The group told councillors that unless an objection over the environmental suitability of the site is lifted within the next week, it could take the 100m project elsewhere, possibly to Belgium.
The news comes in the week that Polestar won a huge 5-year contract to print 8.7m Associated Newspaper supplements each week from Quebecor.
"This is a technicality and we've been categorically assured that it will be resolved very quickly," said Polestar project manager Mike Young. "Clearly we don't want our customers to be alarmed that we haven't got planning permission."
It emerged last week that a property developer who owns the site adjacent to Polestar's had raised an objection which legally forced the Government Office for Yorkshire and Humberside to issue a stop notice, blocking the granting of full planning permission.

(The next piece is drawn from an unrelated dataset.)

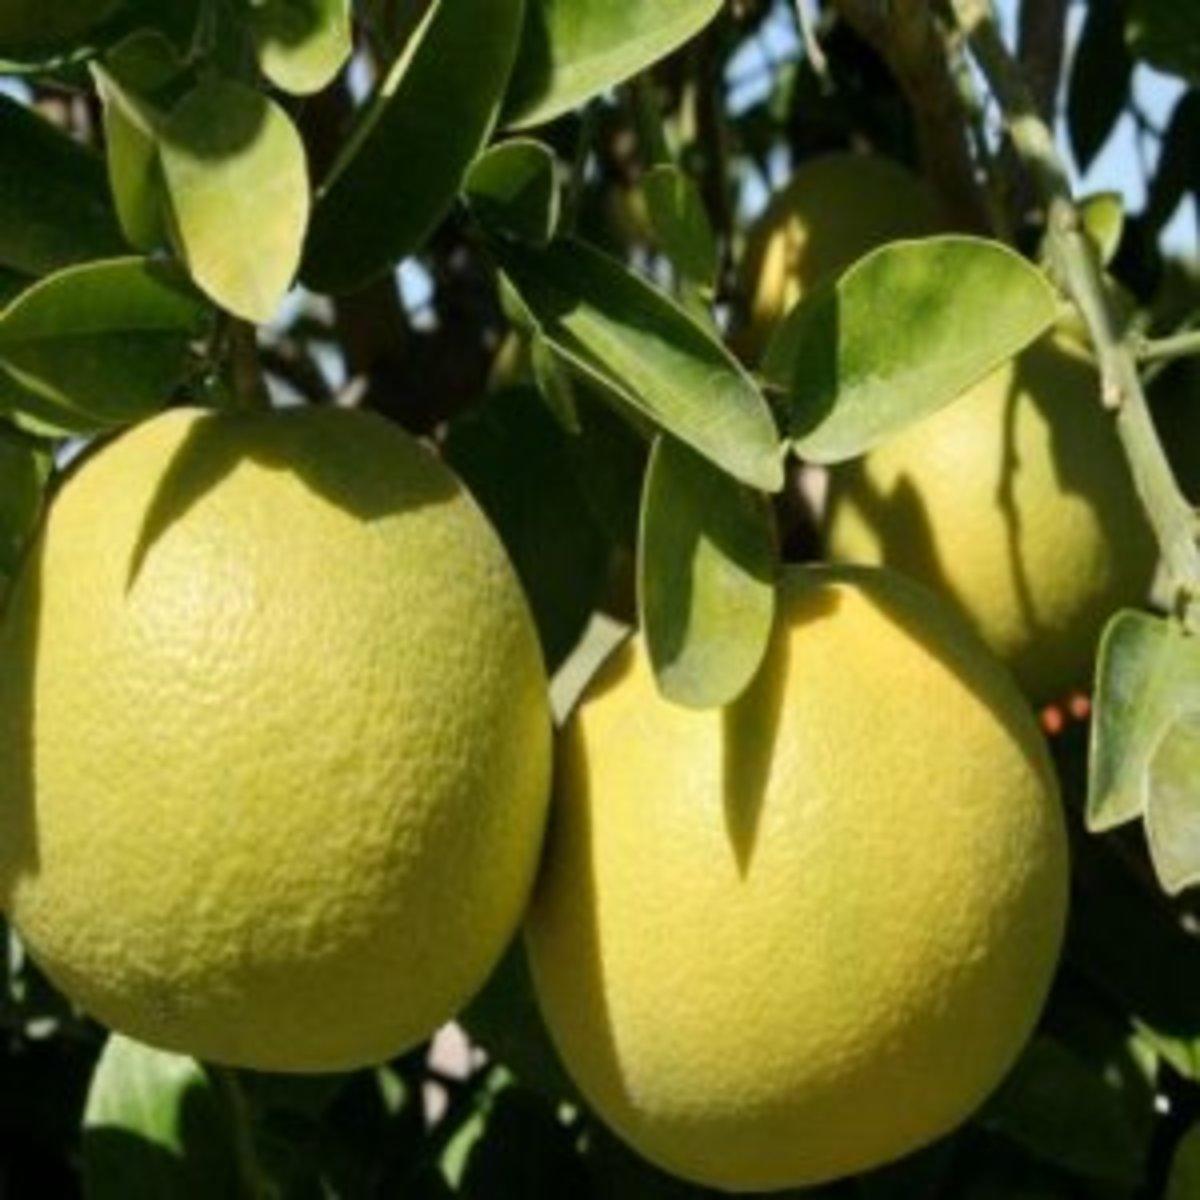 Ben3john photographed grapefruit growing in Kerala, India on October 17, 2012.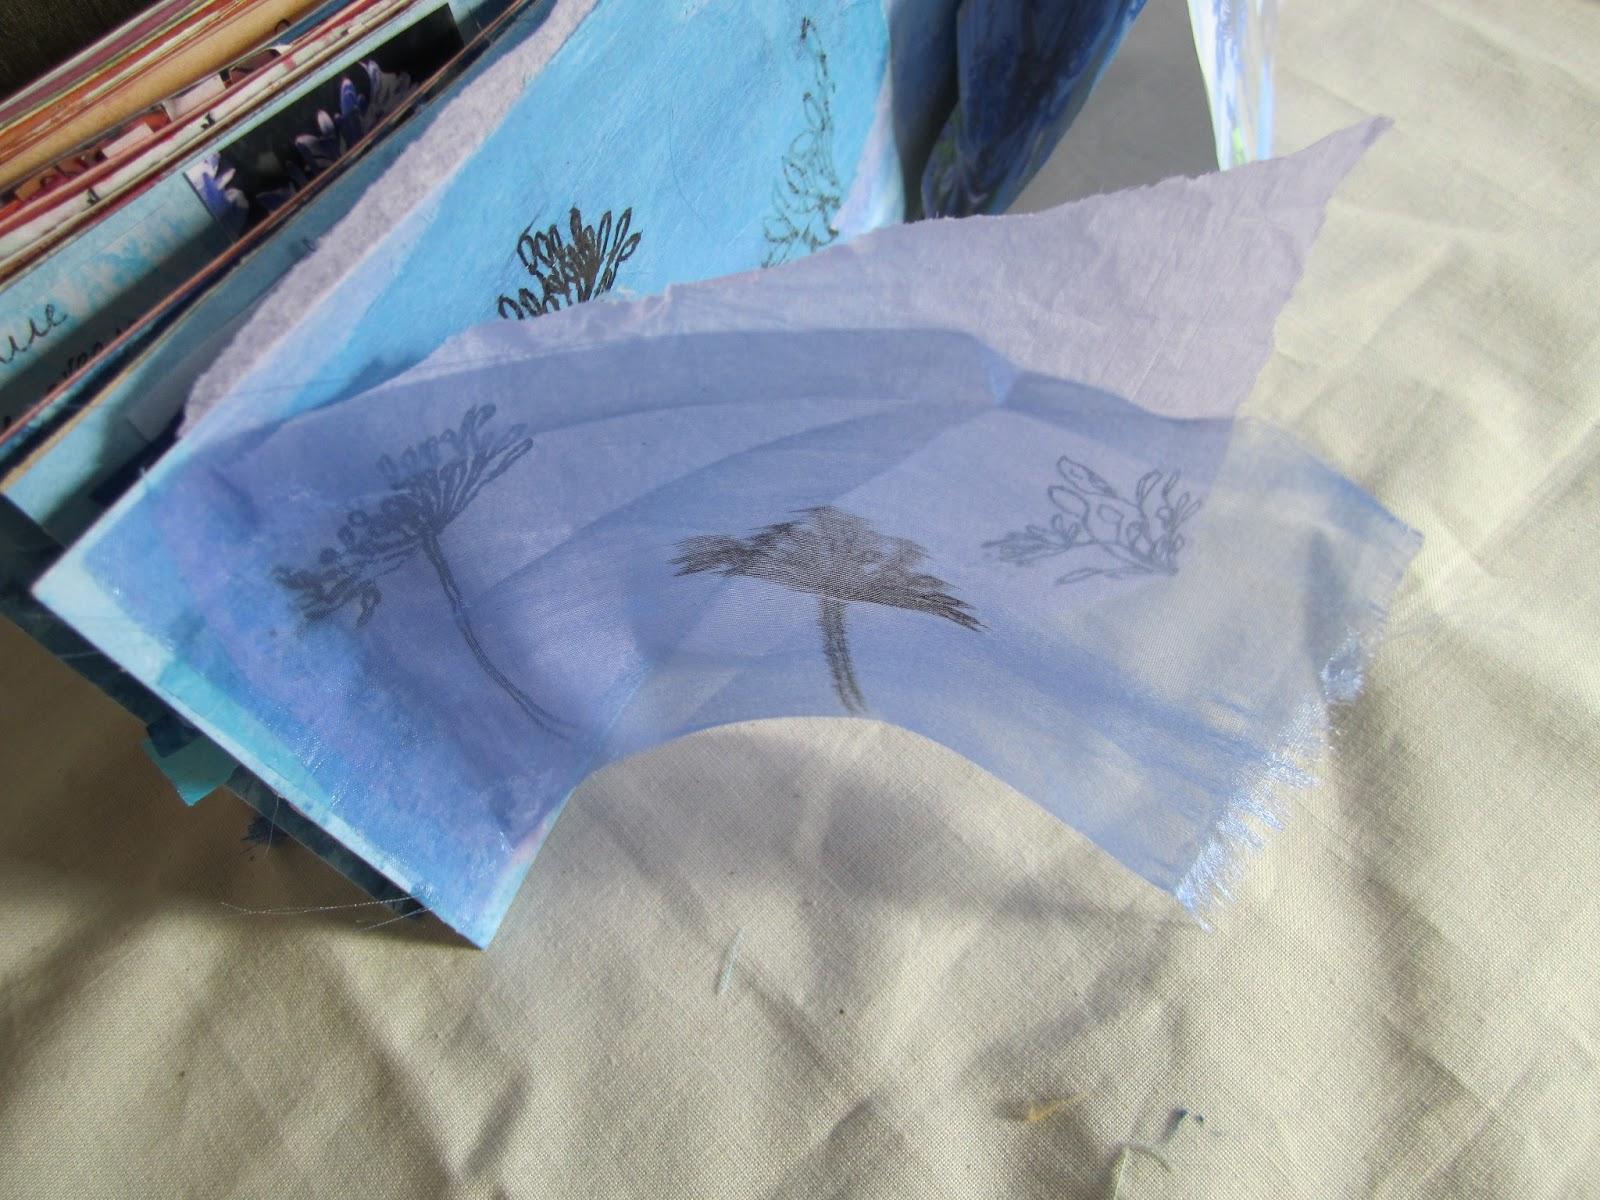 http://1.bp.blogspot.com/-Y87fEkNXAL0/UStJ1x3ynaI/AAAAAAAAAs0/QSo4dDqjySQ/s1600/Blue+stitch+book+2013+007.jpg

But sources close to the project have suggested that the threat to pull out of Sheffield could be a way to force the Government Office's hand on the lifting of the stop notice.
One source said that Polestar "needed to give them [the local Government Office] a reason to make a decision by putting as much commercial pressure on them as possible".
Last Monday (21 June), planning permission was unanimously granted by Sheffield Council for the Tinsley site, pending the resolution of the stop notice, which had been served the previous Friday.
Construction on the site, adjacent to the M1, is due to start at the end of the first week of July. Young said that "ink on paper on the first press" was scheduled for the last week of March 2005, and that recruitment advertising would be appearing in the local press in the next week.
As PrintWeek went to press, Sheffield City Council and the Government Office for Yorkshire and Humberside were unavailable for comment.